Als Beitrag zur Behebung des Lehrkräftemangels, um die Einwanderungsgesellschaft auch in den Kollegien abzubilden und den Lehrkräften mit internationaler Qualifikation die Integration zu erleichtern, fordern wir eine Absenkung und Vereinfachung der Anforderungen sowie ein – auch finanzielles – Unterstützungsangebot seitens der Senatsverwaltung. Die Forderungen decken sich z.T. mit der Praxis in anderen Bundesländern.[4]
- So ist das Anerkennungsverfahren in Bayern, Brandenburg, Bremen, Niedersachsen, Nordrhein-Westfalen und im Saarland gebührenfrei.
- In Bayern, Hessen, Niedersachsen und in Sachsen genügen deutsche Sprachkenntnisse auf dem Niveau C1 für die Einstellung ins Lehramt.

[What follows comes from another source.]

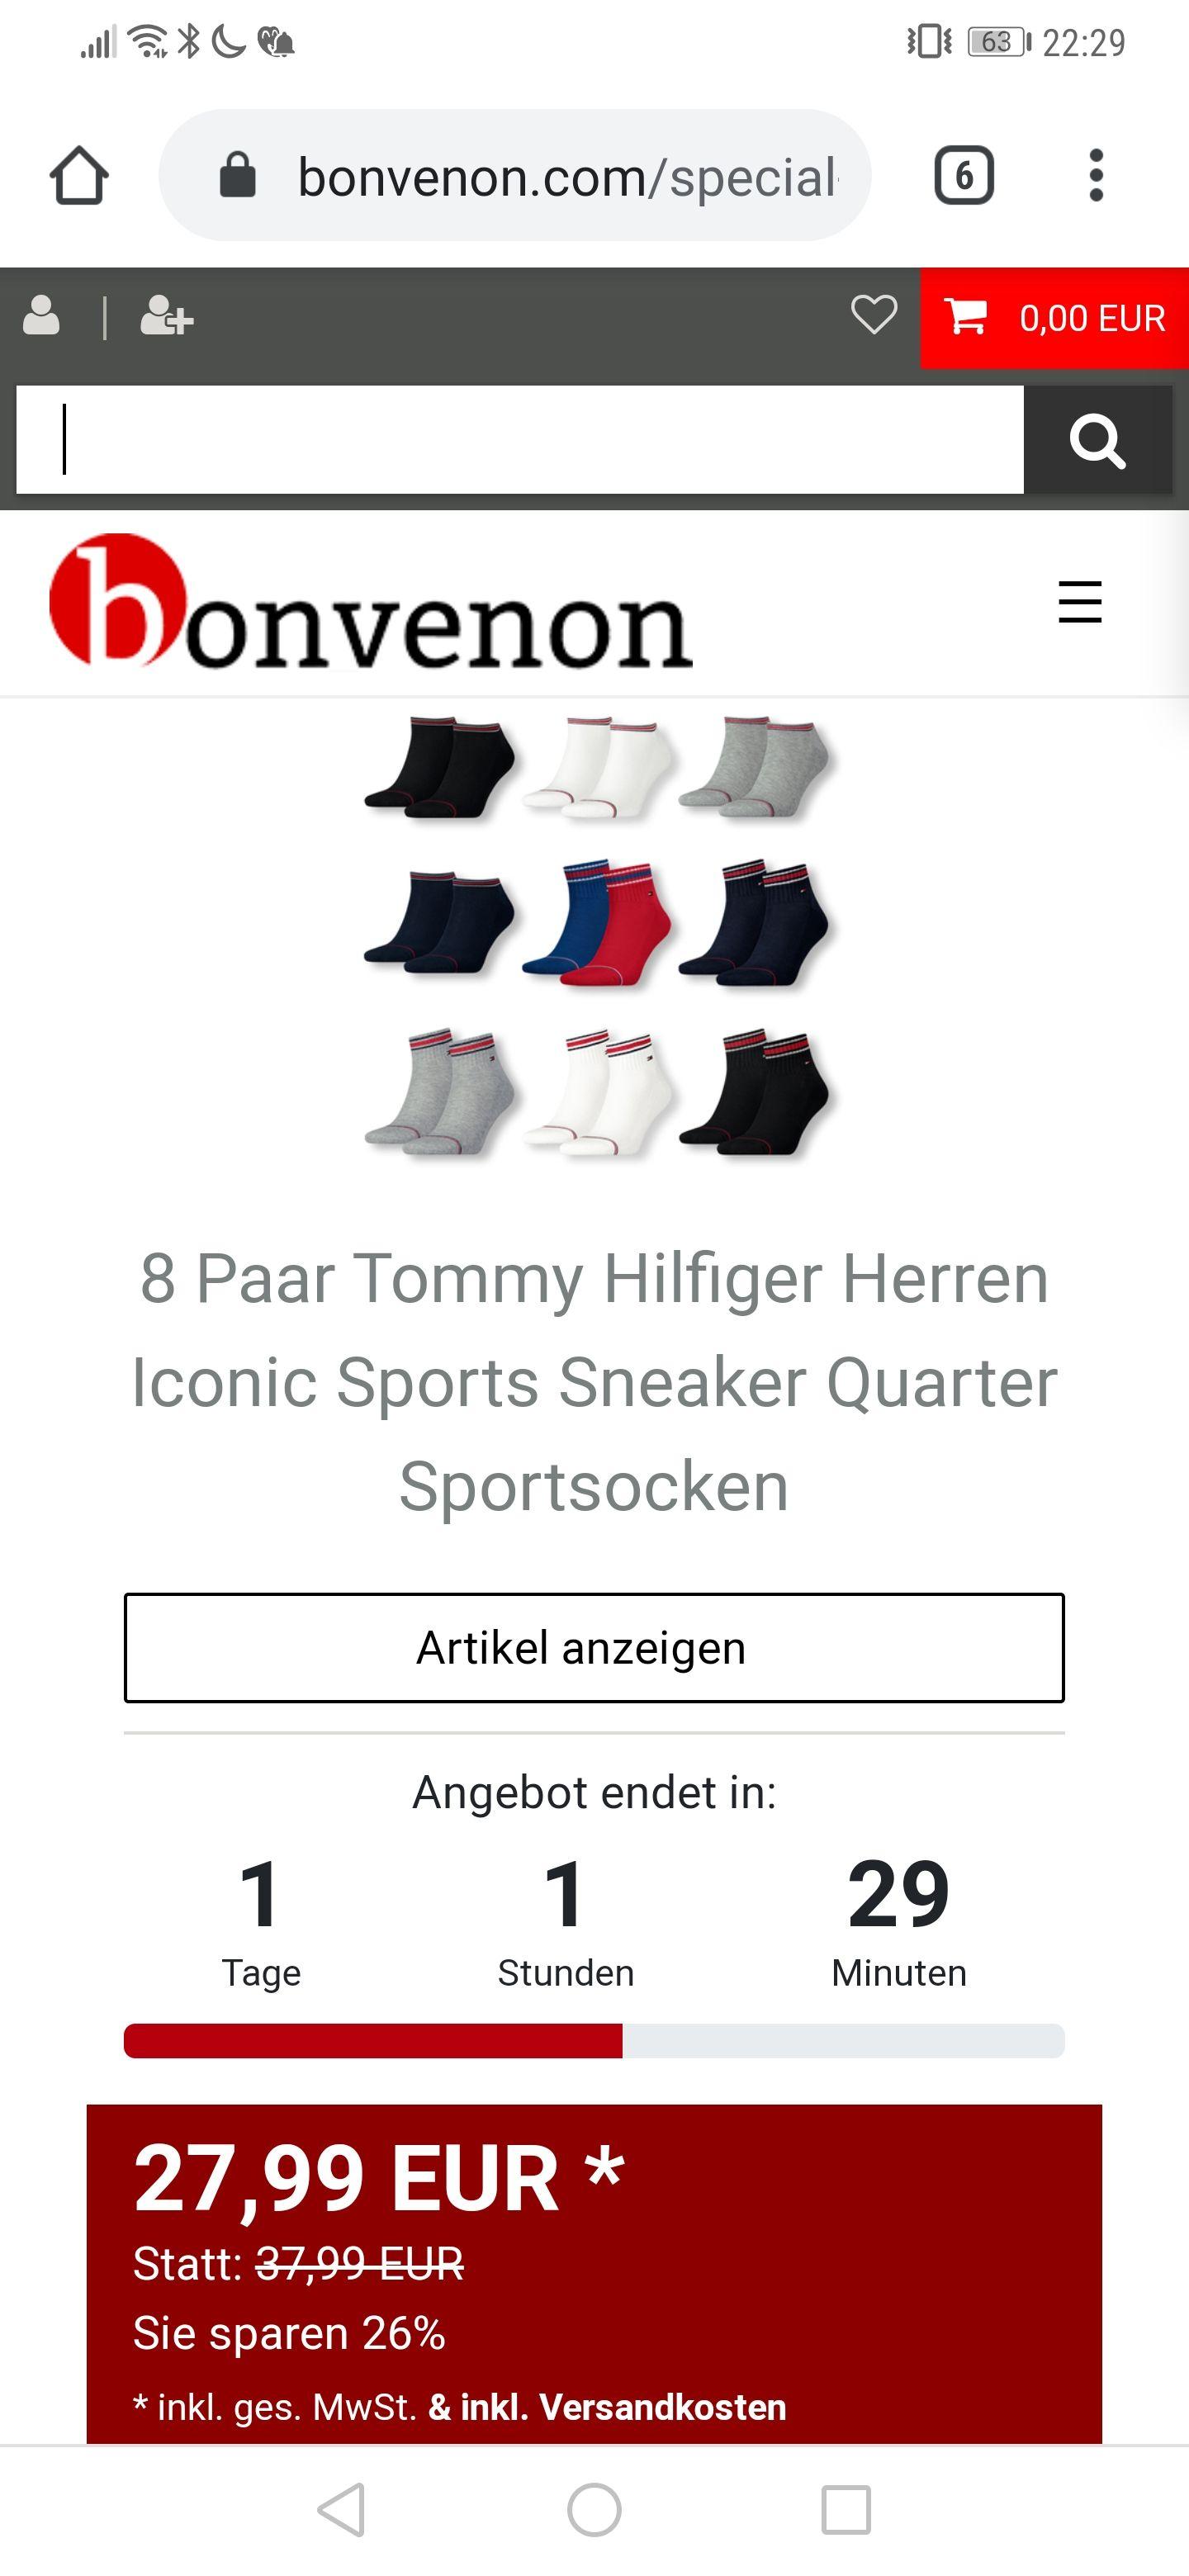 Black Deals Tommy Hilfiger Iconic Socken Quarter oder Sneaker im 8er Pack - Bis morgen -

- In Hessen ist das Referendariat in nur einem Fach (Mangelfächer) möglich. Anschließend erfolgt der Einsatz als vollwertige Lehrkräfte – auch mit Verbeamtung.[5]
- NRW führt mit „Lehrkräfte Plus“ ein universitäres Unterstützungs- und Professionalisierungsangebote für Lehrkräfte mit internationalen Abschlüssen durch.
[1] Siehe dazu: Gutachten der Ständigen Wissenschaftlichen Kommission der KMK: „Sprachliche Bildung für neu zugewanderte Kinder und Jugendliche gestalten –Maßnahmen zur Förderungder Zielsprache Deutsch (2025), S.9f.
[2] Siehe oben, S.30, ff
[3] Siehe oben, S. 17
[4] Alle Angaben siehe: https://www.anerkennung-in-deutschland.de/html/de/index.php
[5] Möglich ist dies durch den KMK-Beschluss „Maßnahmen zur Gewinnung zusätzlicher Lehrkräfte“ (2024).